◆ **Exercise directions**: Of the lines listed below, return exactly those that run from the line containing "Inuit Girl and" through the line containing "Can cynthia gibb", both included.
=== Provided records ===
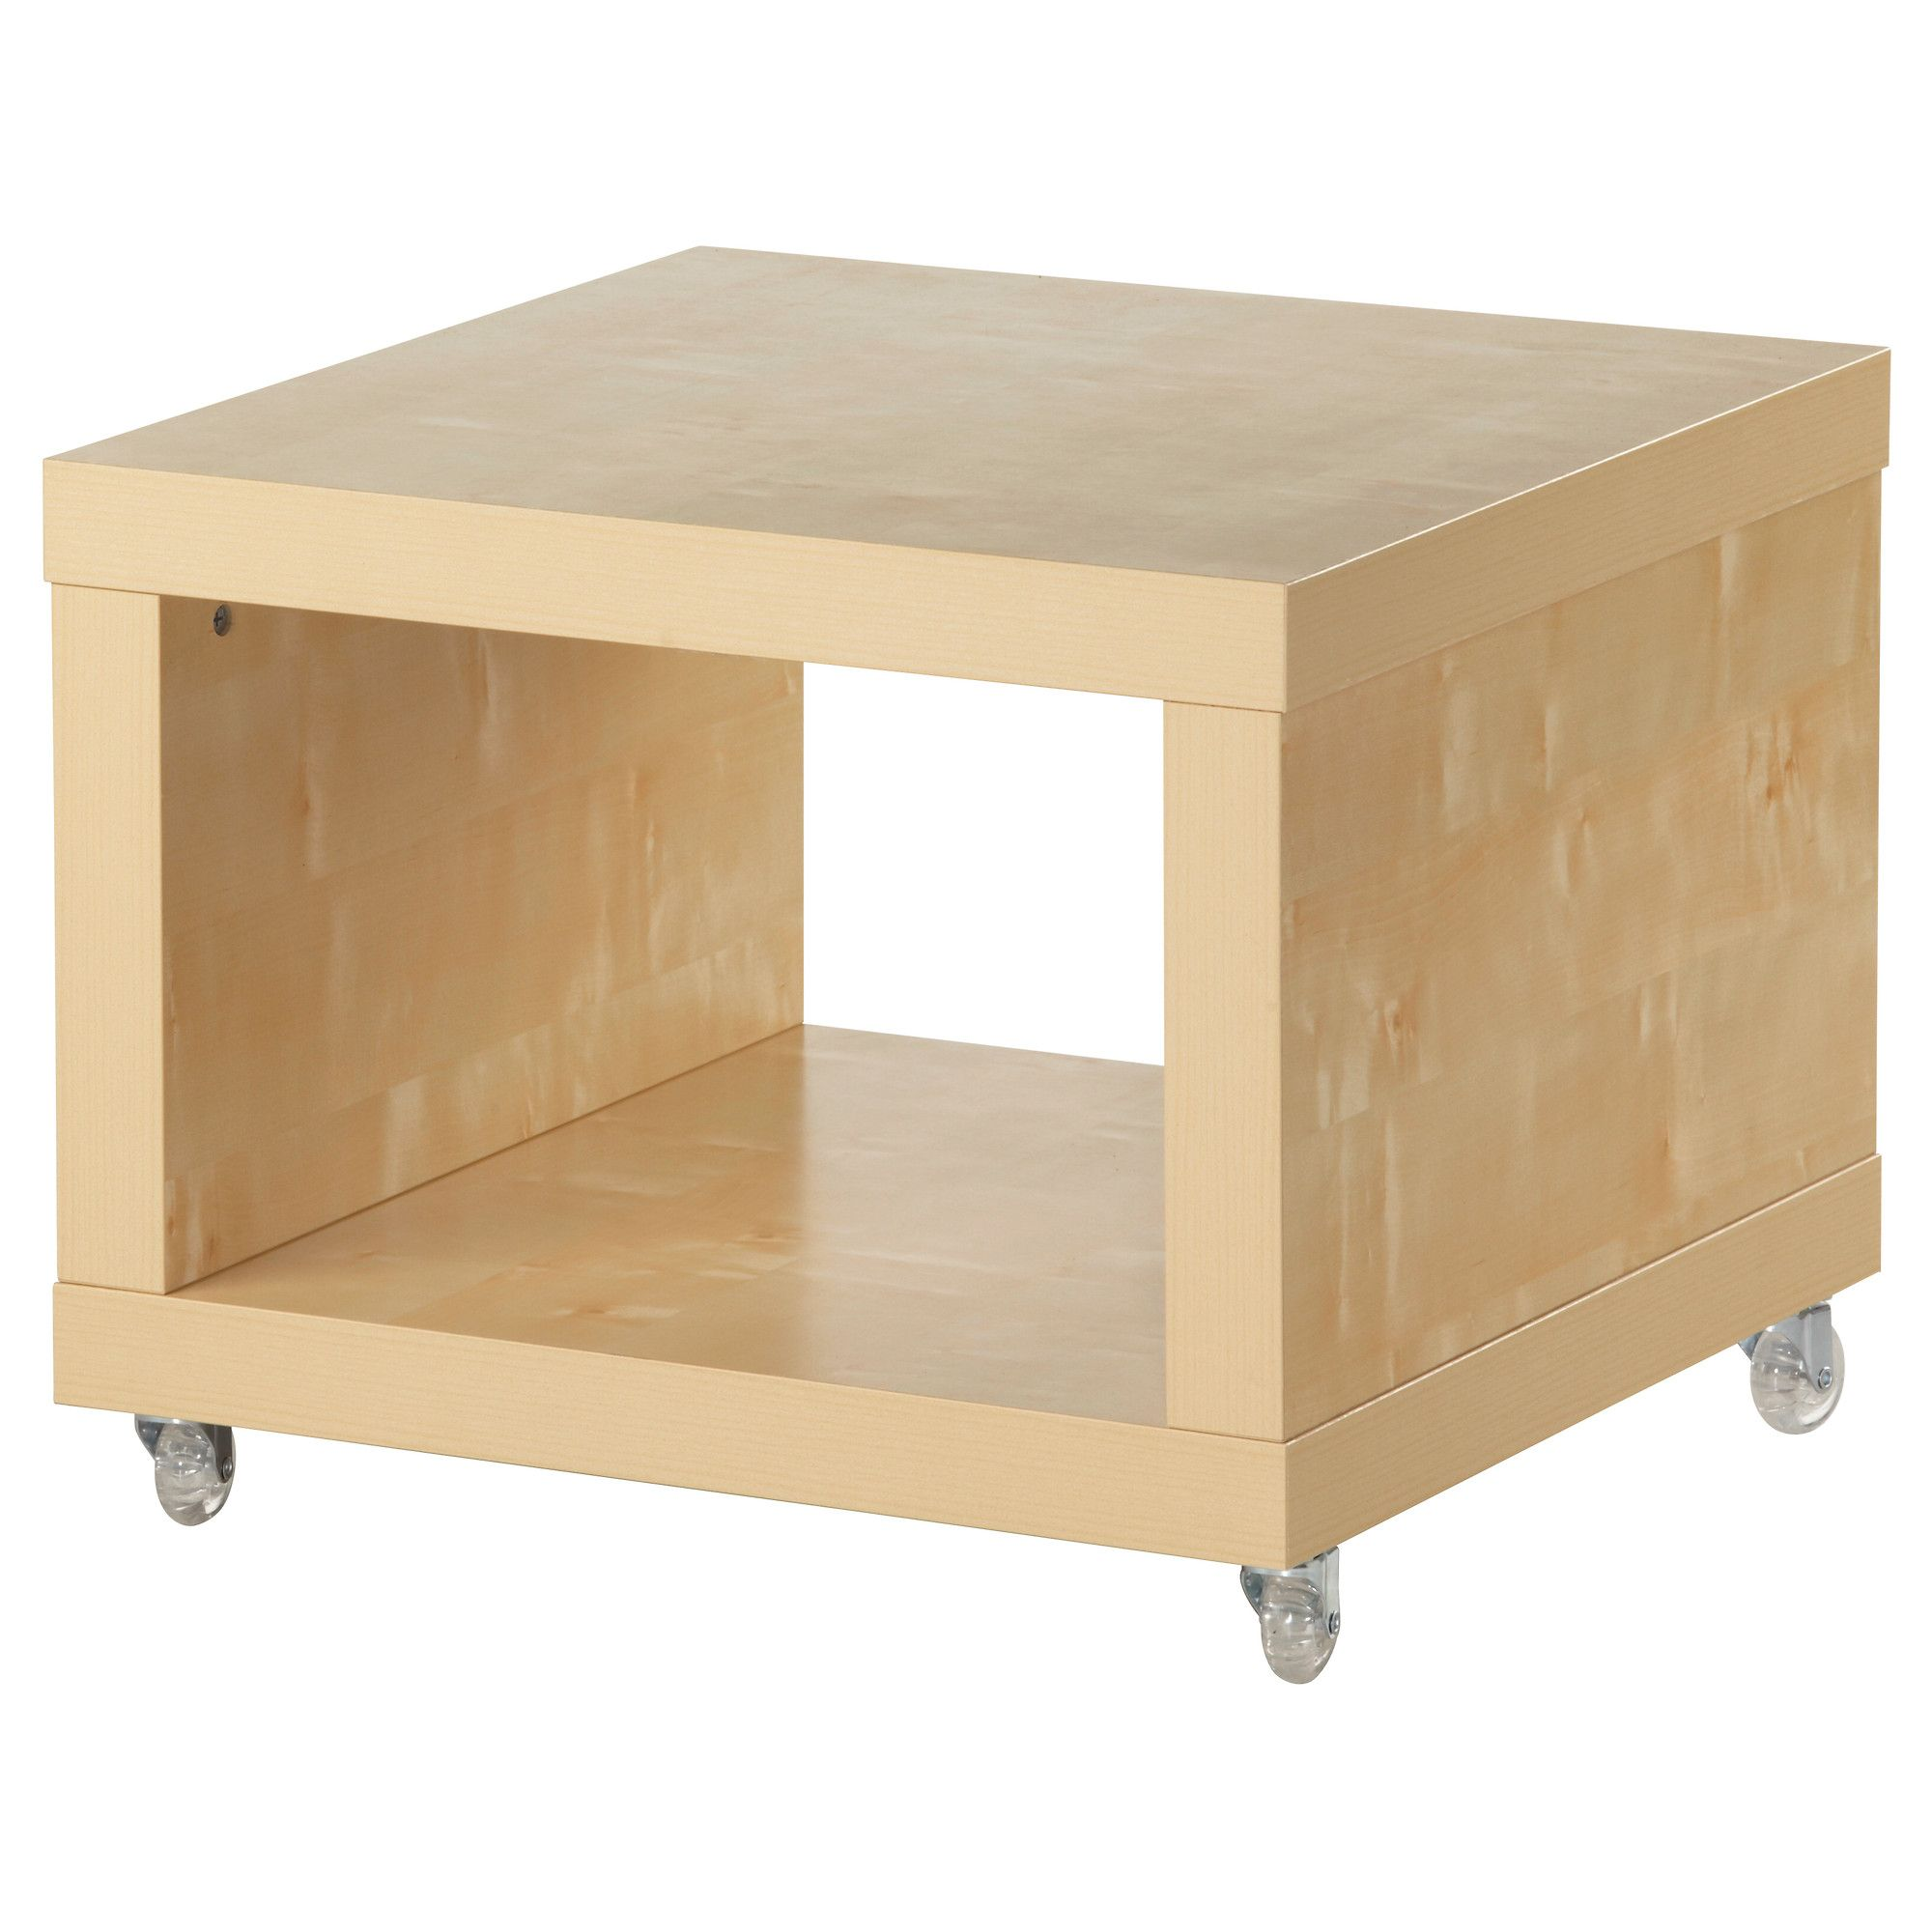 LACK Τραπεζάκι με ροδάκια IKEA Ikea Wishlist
===
=== Provided records ===
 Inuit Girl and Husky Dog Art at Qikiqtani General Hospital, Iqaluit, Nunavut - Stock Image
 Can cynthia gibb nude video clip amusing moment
===
=== Provided records ===
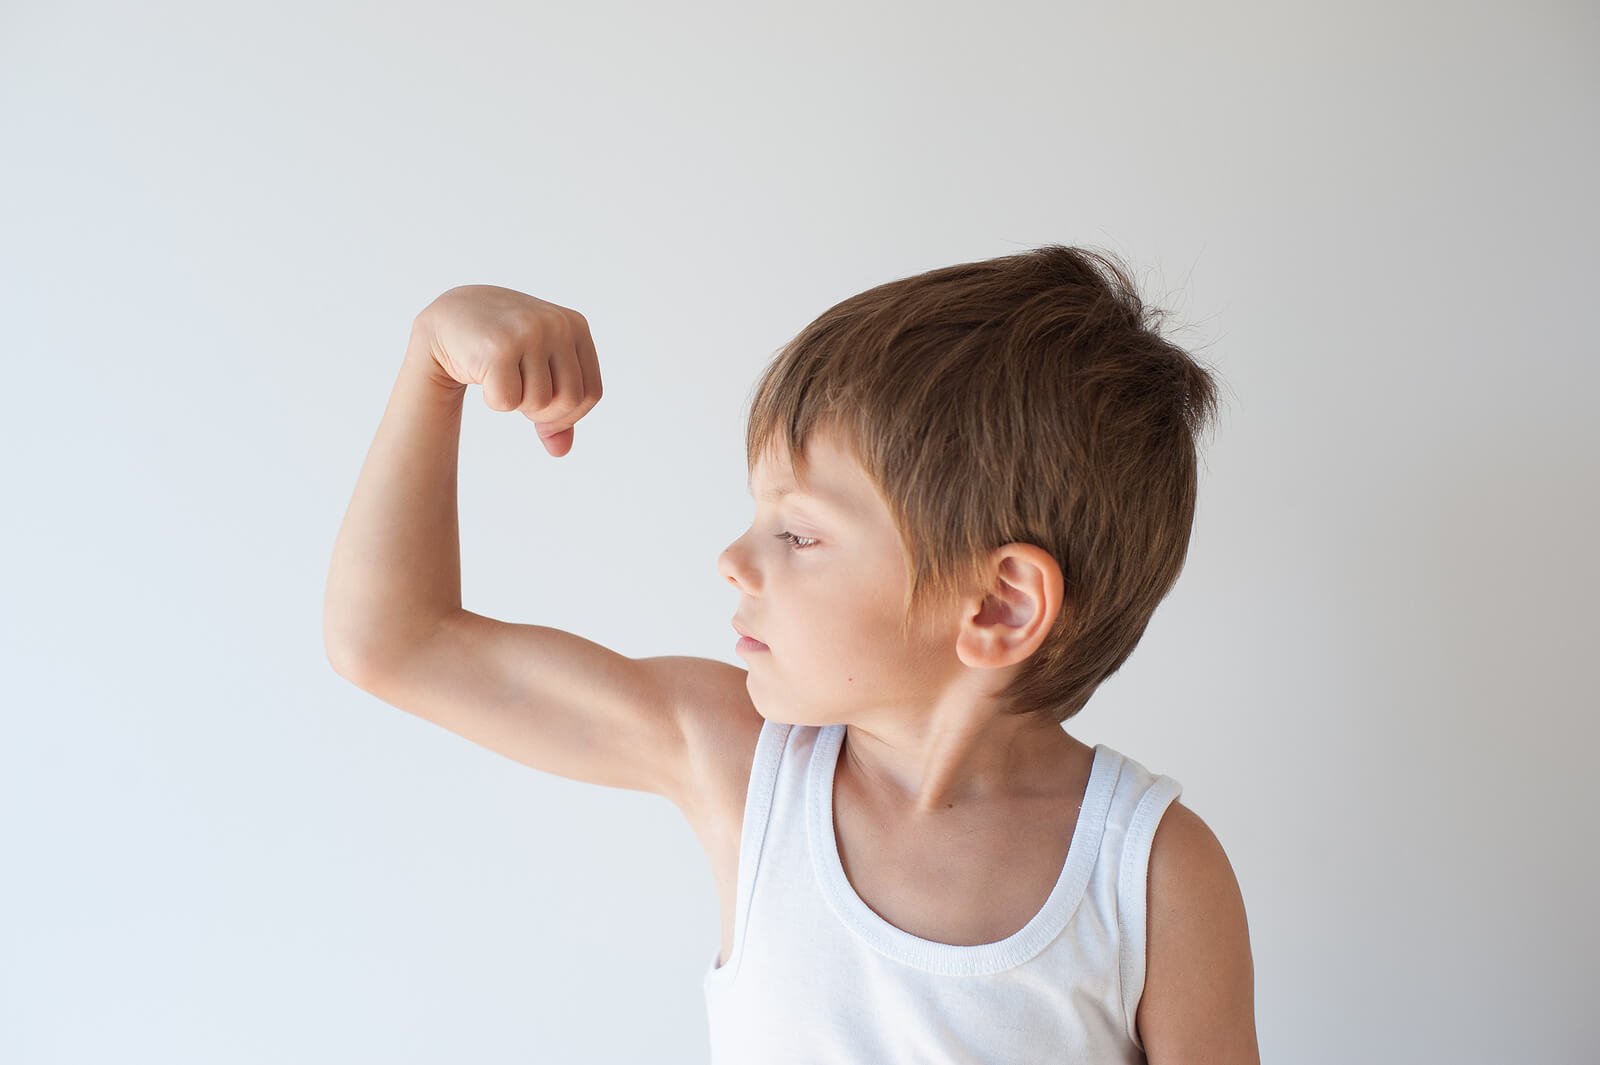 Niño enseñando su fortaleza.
===
◆ **Answer below**:
 Inuit Girl and Husky Dog Art at Qikiqtani General Hospital, Iqaluit, Nunavut - Stock Image
 Can cynthia gibb nude video clip amusing moment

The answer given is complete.